A. Sainz Dalda1,2
1. Stanford-Lockheed Institute for Space Research, Palo Alto, CA 94304,USA.
2. High Altitude Observatory, Boulder, CO 80301, USA.
We have compared the vector magnetic fields derived from observations with the HMI instrument onboard SDO, with those observed by the SP instrument onboard Hinode. We have obtained relationship between the components of magnetic vectors in the umbra, penumbra, and plages observed in 14 maps of NOAA AR 11084. Similarly, we have also investigated the relationship between apparent longitudinal magnetic flux, Bapp, total magnetic flux, Φ, and total unsigned magnetic flux, Φ̂, obtained by both instruments.
To obtain a better understanding of the role played by different actors in the inversion of the Stokes parameters, we have transformed SP data into observables comparable to those of HMI (S2H data). Thus, we compare HMI vs SP, HMI vs S2H, and S2H vs SP data to quantify statistically the effect of the inversion code, filling factor(FF), spatial and angular resolutions, disambiguation of the azimuth, and spectral lines used by both instruments. Table 1 shows the combination of the data and actors used in our investigation.
Table 2 shows the relationship between the Cartesian coordinates of BHMI and BSP in the umbra, penumbra, and the strong and weak plages. In the umbra and penumbra, these coordinates are strongly related following a linear relation. In the strong and weak plages, the linear relationship is moderate and weak, respectively.
Figure 1 shows a visual comparison between the spherical components of the magnetic field recovered from the inversions on HMI, SP and S2H data treated with different FF (either variable or equal to 1), different spectral sampling, and different disambiguation codes (AZAM and DIS). The actor playing the most important effect in the comparison between the magnetic field recovered by HMI and SP is the FF. The second important actor is the spectral sampling, and finally, the spatial sampling. The disambiguation method used to obtain the azimuth has an important influence in the plages. We suggest studying the possibility to use a similar disambiguation code on both data.

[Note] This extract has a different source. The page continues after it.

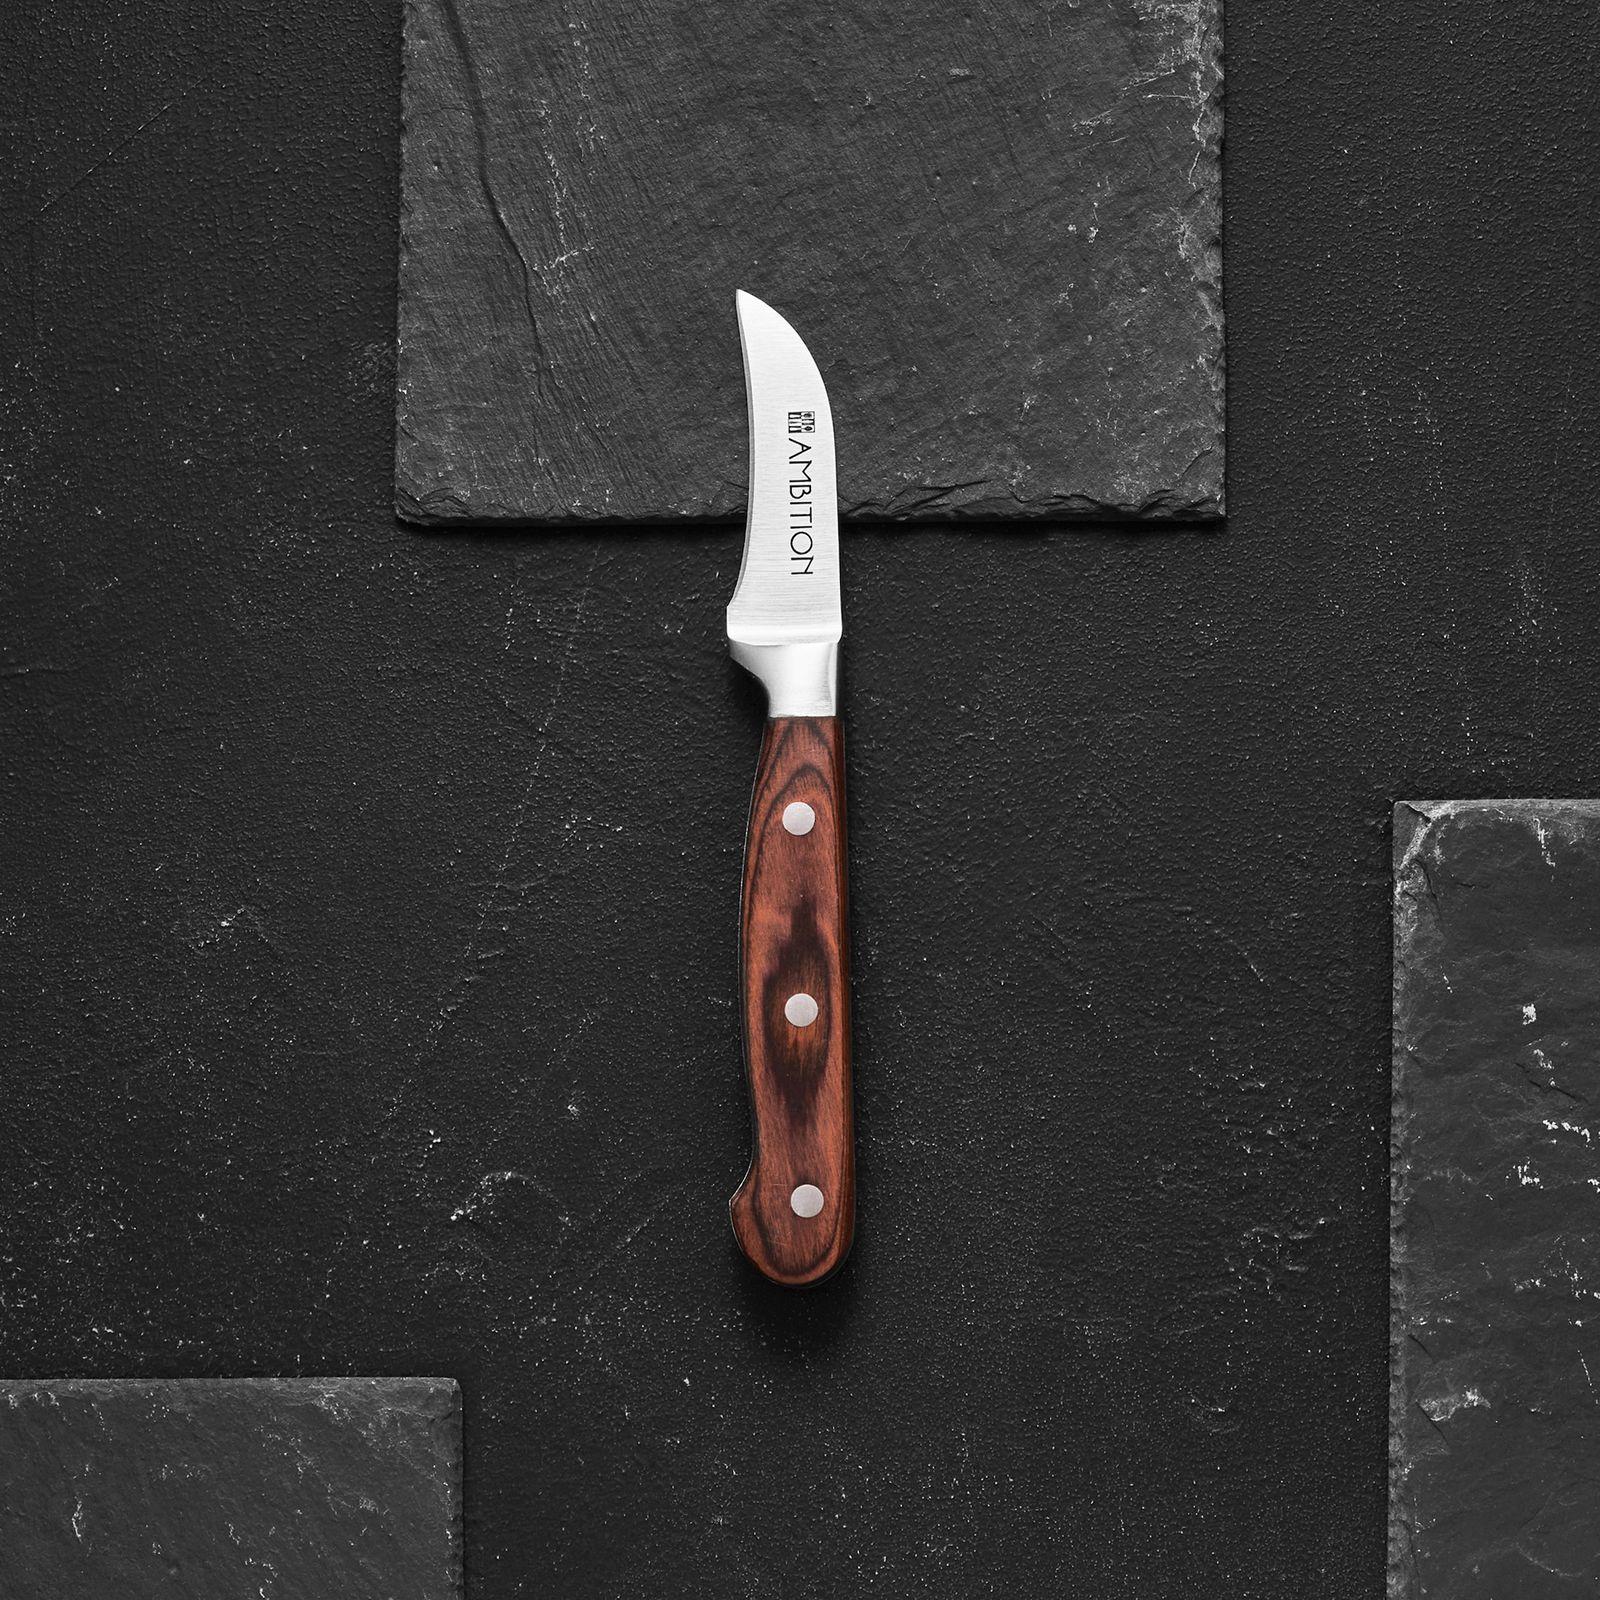 Nóż kuchenny obierak Titanium 5 cm AMBITION
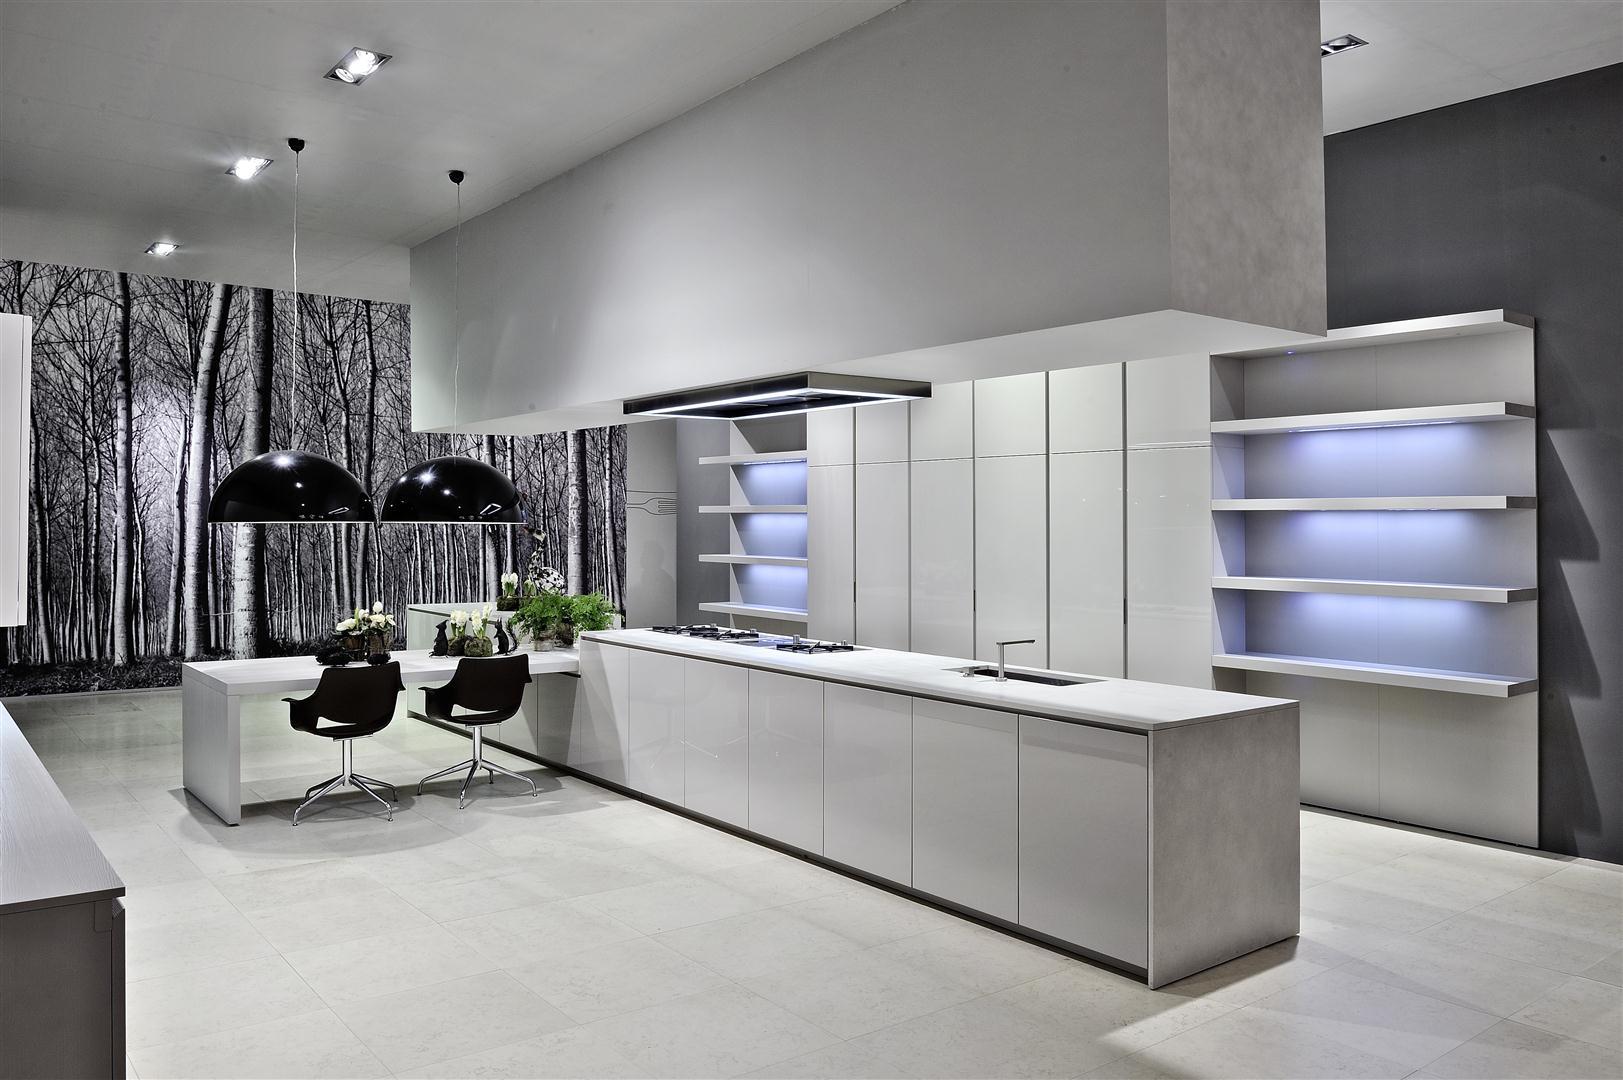 SM Quartz kitchen

Figure 1| Components of the vector magnetic field in spherical coordinates observed by the HMI, SP , SP with FF=1, S2H , S2H with FF=1, and HMI in the sunspot. The disambiguated azimuth is shown in the 4th row. See Ref  for more details.
Table 3 shows the relationship between the Bapp, Φ, and Φ̂ calculated from the HMI and SP data. In the umbra, HMI “sees” slightly lower values than the ones seen by SP. In the penumbra, Bapp “observed” by HMI is slightly lower than the one observed by SP. However, HMI sees in the penumbra a Φ and Φ̂ with higher values (~15%) than the ones seen by SP. In the plages, HMI sees ~ 30% of Bapp and Φ, and ~ 10% of Φ̂ seen by SP. If we average the values of Φ̂ in the field of view, i.e. without paying attention to the solar feature, the averaged value of Φ̂ (57%) agrees with the one reported by Thalmann et al. (54%). Nevertheless, our averaged horizontal component of B is ~60%, while their value is 81%. This difference may be due either to the selection method of the pixels considered in the comparison or the number of maps studied in each investigation (1 map in Ref  versus 14 in our study) and their location in the solar disk.
To understand the impact of the FF in the values recovered from the inversions on the same data, we have inverted the SP data using the same inversion code with exactly the same actors except the FF (see Table 4). In the umbra, the recovered values are roughly the same, i.e. the FF variable is ‘fixed’ to 1 by the code in the umbra. In the penumbra, there is an overestimation of ~ 5% in the values obtained considering FF = 1 (as SPFF1 and HMI do) with respect when the FF is a variable (as SP does). In the strong plage, an inversion considering an FF fixed to 1 yields an 80% of the Bapp, and ~ 60% of Φ and Φ̂ of these values produced by an inversion considering an FF variable. In the weak plage, these percentages are 74 % of Bapp, 60 % of Φ, and 44% of Φ̂.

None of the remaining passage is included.